I survived because of my faith, a husband who stayed when most would have left, my family who have fought the battle right along side me for 20 plus years, my friends...and I (unabashedly) say medication and therapy. They may not be the answer for everyone, but they worked for me.
This is where my story differs from most. Of all my many weeks and months as a patient in the units, I had multiple visitors a day. The majority never had a single visitor the whole of their stay. This is one of the few illnesses that people find it easier to walk away from than stay and fight for you.
and that breaks my heart.
Mental Illness is the hardest hurdle I have ever faced.
I was molested from the age of 3 to 5.
I was brutally raped at 14.
After the rape I was severely anorexic and then bulimic to the point I almost ruptured my esophageal lining.
I was embroiled in an abusive relationship at 19.
The past ten years I have dealt with miscarriages and infertility.
The struggle with my bipolar and depression have been a much steeper hill to overcome because while these incidents "happened" to me...
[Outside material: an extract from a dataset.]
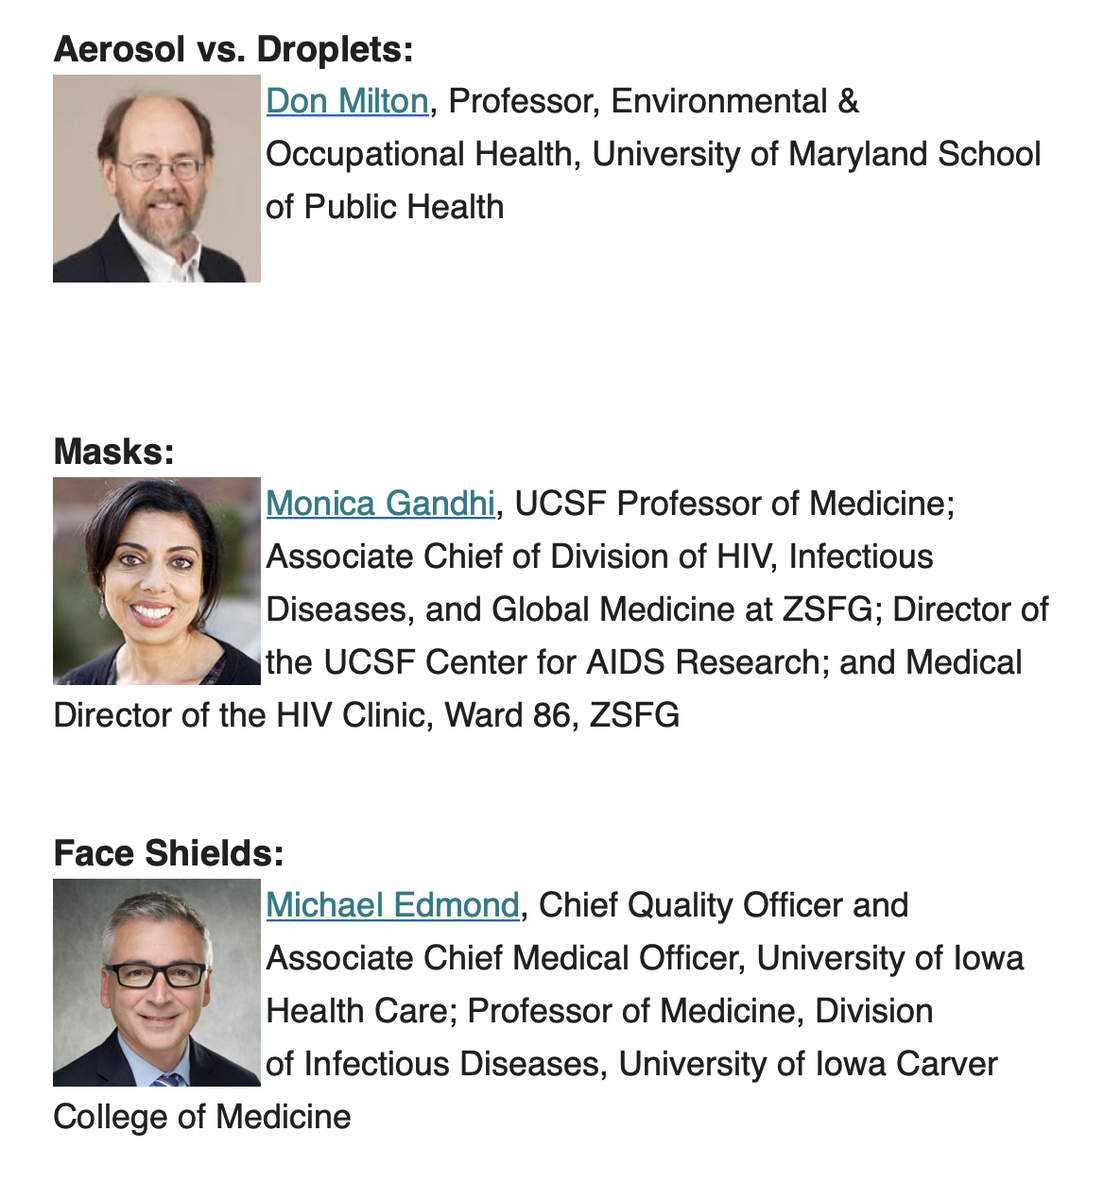 11/ That's it for now. Tomorrow back w/ what should be fascinating  @ucsf medical grand rounds: aerosol vs. droplets, masks, and face shields (program below). Live for UCSFers at noon; should be up on youtube ~7:30pm if Twitter is open. Back Friday for weekly roundup.Stay safe.

My illness is a part of me. The constant companion. A shadowy figure that never lets me from its grip.
The smiling face. The constant travel. The dinners and amazing food. They are the story of a good life, which I absolutely have and I am beyond grateful for it.
It's only part of my story though.
When I capture a photo and share it...the view you see is skewed by the lens I choose.
May is Mental Health Awareness. If you or someone you know is struggling, there is help. There is a way. I do not promise it will be easy. I make no pledges that there is a "fix it" answer out there, but, I do promise there are people who want you to succeed, who want to champion for you.